Do not use other types unless the following considerations apply.A C-type head with removable shell should be considered for hazardous tubeside fluids, heavy bundles or services requiring frequent shellside cleaning. The N-type head is used when hazardous fluids are on the tubeside. A D-type head or a B-type head welded to the tubesheet is used for high pressure applications. Y-type heads are only normally used for single tube-pass exchangers when they are installed in line with a pipeline. Rear header selectionFor normal service a Fixed Header (L, M, N-types) can be used provided that there is no overstressing due to differential expansion and the shellside will not require mechanical cleaning.
If thermal expansion is likely a fixed header with a bellows can be used provided that the shellside fluid is not hazardous, the shellside pressure does not exceed 35 bar (500 psia) and the shellside will not require mechanical cleaning.A U-tube unit can be used to overcome thermal expansion problems and allow the bundle to be removed for cleaning. However, countercurrent flow can only be achieved by using an F-type shell and mechanical cleaning of the tubeside can be difficult.An S-type floating head should be used when thermal expansion needs to be allowed for and access to both sides of the exchanger is required from cleaning.

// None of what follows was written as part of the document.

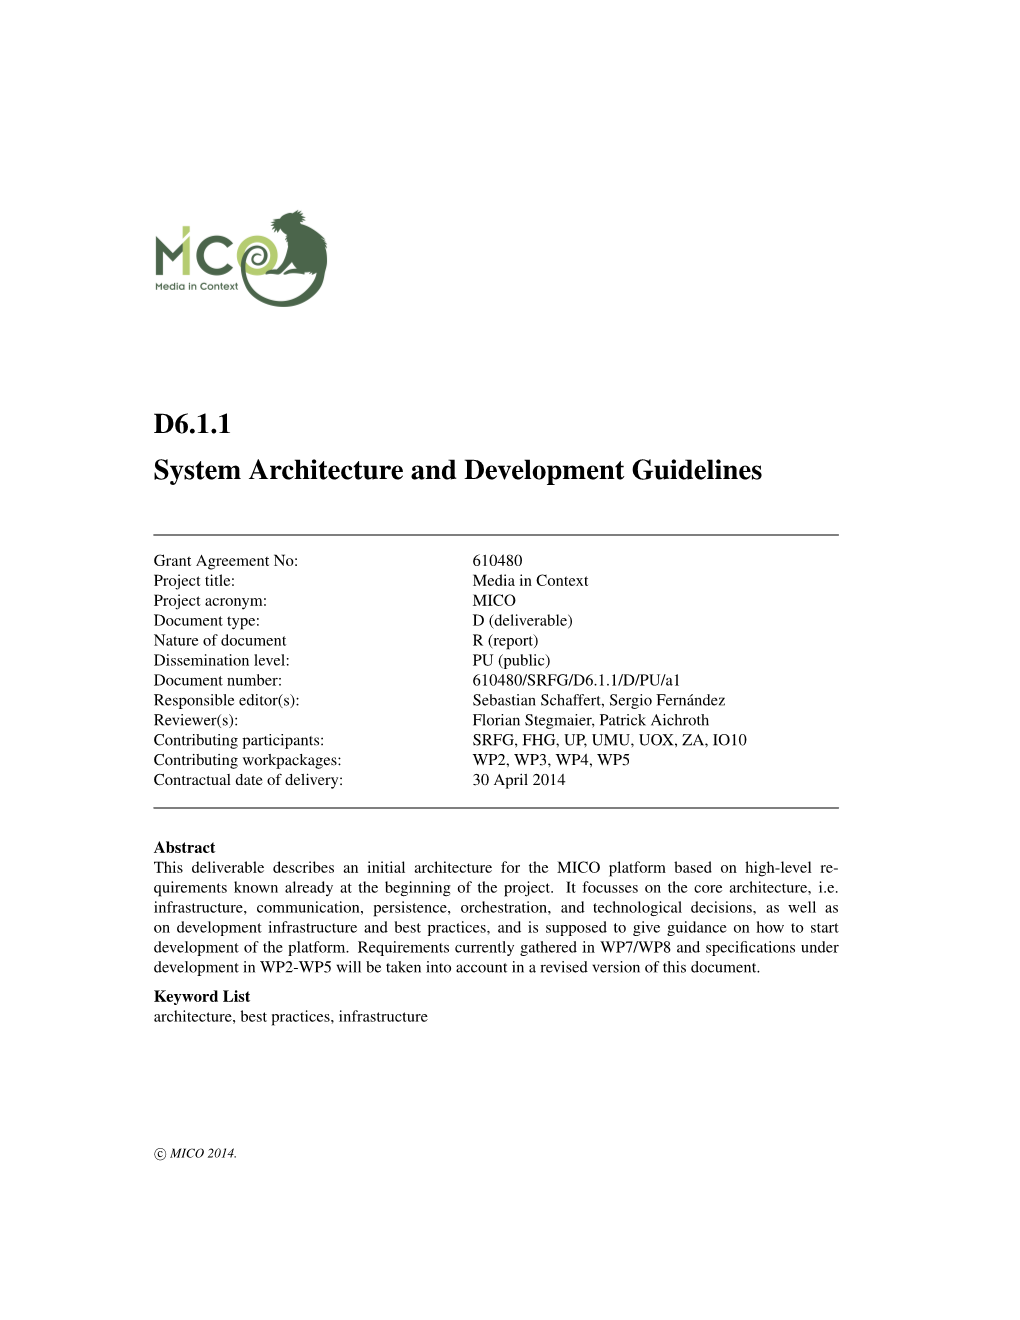 D6.1.1 System Architecture and Development Guidelines

Other rear head types would not normally be considered except for the special cases. Thermal DesignThe thermal design of a shell and tube exchanger is an iterative process which is normally carried out using computer programs from organizations such as the Heat transfer and Fluid Flow Service (HTFS) or Heat Transfer Research Incorporated (HTRI).
Heat Transfer Design Software
However, it is important that the engineer understands the logic behind the calculation. In order to calculate the heat transfer coefficients and pressure drops, initial decisions must be made on the sides the fluids are allocated, the front and rear header type, shell type, baffle type, tube diameter and tube layout. The tube length, shell diameter, baffle pitch and number of tube passes are also selected and these are normally the main items that are altered during each iteration in order to maximize the overall heat transfer within specified allowable pressure drops.The main steps in the calculation are given below together with calculation methods in the open literature. Mechanical DesignThe mechanical design of a shell and tube heat exchanger provides information on items such as shell thickness, flange thickness, etc. These are calculated using a pressure vessel design code such as the Boiler and Pressure Vessel code from ASME (American Society of Mechanical Engineers) and the British Master Pressure Vessel Standard, BS 5500. ASME is the most commonly used code for heat exchangers and is in 11 sections.
Shell And Tube Exchanger Design
Section VIII (Confined Pressure Vessels) of the code is the most applicable to heat exchangers but Sections II—Materials and Section V—Non Destructive Testing are also relevant.Both ASME and BS5500 are widely used and accepted throughout the world but some countries insist that their own national codes are used. In order to try and simplify this the International Standards Organization is now attempting to develop a new internationally recognized code but it is likely to be a some time before this is accepted.